- **ASSIGNED TASK**:
Write out the data that follows. Keep every character unchanged.
───── DATA PROVIDED
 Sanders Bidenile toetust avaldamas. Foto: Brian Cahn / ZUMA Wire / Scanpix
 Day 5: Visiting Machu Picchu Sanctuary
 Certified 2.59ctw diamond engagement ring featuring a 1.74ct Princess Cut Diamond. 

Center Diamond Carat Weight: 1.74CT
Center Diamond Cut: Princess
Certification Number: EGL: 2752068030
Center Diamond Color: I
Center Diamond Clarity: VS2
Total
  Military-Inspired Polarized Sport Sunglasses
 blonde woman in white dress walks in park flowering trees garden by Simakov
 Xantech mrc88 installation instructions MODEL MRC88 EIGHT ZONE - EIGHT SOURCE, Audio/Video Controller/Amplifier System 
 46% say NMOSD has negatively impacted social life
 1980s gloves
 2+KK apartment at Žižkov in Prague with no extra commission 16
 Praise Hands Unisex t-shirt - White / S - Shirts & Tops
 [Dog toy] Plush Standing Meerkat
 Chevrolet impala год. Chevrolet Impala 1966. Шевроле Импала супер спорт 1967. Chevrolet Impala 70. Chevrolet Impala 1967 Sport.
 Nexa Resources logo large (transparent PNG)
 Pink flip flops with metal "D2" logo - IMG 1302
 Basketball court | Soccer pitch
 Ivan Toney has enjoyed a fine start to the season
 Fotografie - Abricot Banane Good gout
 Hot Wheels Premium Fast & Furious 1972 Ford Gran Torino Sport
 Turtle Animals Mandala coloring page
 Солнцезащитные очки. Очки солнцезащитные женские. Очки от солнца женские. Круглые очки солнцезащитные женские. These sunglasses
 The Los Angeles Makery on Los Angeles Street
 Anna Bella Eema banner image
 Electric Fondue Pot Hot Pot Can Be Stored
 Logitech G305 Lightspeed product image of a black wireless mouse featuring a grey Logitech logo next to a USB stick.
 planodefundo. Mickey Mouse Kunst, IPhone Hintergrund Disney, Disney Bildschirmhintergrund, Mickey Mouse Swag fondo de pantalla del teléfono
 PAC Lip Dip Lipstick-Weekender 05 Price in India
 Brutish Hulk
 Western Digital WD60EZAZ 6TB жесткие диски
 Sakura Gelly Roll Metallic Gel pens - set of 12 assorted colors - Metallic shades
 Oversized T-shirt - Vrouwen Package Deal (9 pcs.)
──────────
- **SOLVED EXERCISE**:
 Sanders Bidenile toetust avaldamas. Foto: Brian Cahn / ZUMA Wire / Scanpix
 Day 5: Visiting Machu Picchu Sanctuary
 Certified 2.59ctw diamond engagement ring featuring a 1.74ct Princess Cut Diamond. 

Center Diamond Carat Weight: 1.74CT
Center Diamond Cut: Princess
Certification Number: EGL: 2752068030
Center Diamond Color: I
Center Diamond Clarity: VS2
Total
  Military-Inspired Polarized Sport Sunglasses
 blonde woman in white dress walks in park flowering trees garden by Simakov
 Xantech mrc88 installation instructions MODEL MRC88 EIGHT ZONE - EIGHT SOURCE, Audio/Video Controller/Amplifier System 
 46% say NMOSD has negatively impacted social life
 1980s gloves
 2+KK apartment at Žižkov in Prague with no extra commission 16
 Praise Hands Unisex t-shirt - White / S - Shirts & Tops
 [Dog toy] Plush Standing Meerkat
 Chevrolet impala год. Chevrolet Impala 1966. Шевроле Импала супер спорт 1967. Chevrolet Impala 70. Chevrolet Impala 1967 Sport.
 Nexa Resources logo large (transparent PNG)
 Pink flip flops with metal "D2" logo - IMG 1302
 Basketball court | Soccer pitch
 Ivan Toney has enjoyed a fine start to the season
 Fotografie - Abricot Banane Good gout
 Hot Wheels Premium Fast & Furious 1972 Ford Gran Torino Sport
 Turtle Animals Mandala coloring page
 Солнцезащитные очки. Очки солнцезащитные женские. Очки от солнца женские. Круглые очки солнцезащитные женские. These sunglasses
 The Los Angeles Makery on Los Angeles Street
 Anna Bella Eema banner image
 Electric Fondue Pot Hot Pot Can Be Stored
 Logitech G305 Lightspeed product image of a black wireless mouse featuring a grey Logitech logo next to a USB stick.
 planodefundo. Mickey Mouse Kunst, IPhone Hintergrund Disney, Disney Bildschirmhintergrund, Mickey Mouse Swag fondo de pantalla del teléfono
 PAC Lip Dip Lipstick-Weekender 05 Price in India
 Brutish Hulk
 Western Digital WD60EZAZ 6TB жесткие диски
 Sakura Gelly Roll Metallic Gel pens - set of 12 assorted colors - Metallic shades
 Oversized T-shirt - Vrouwen Package Deal (9 pcs.)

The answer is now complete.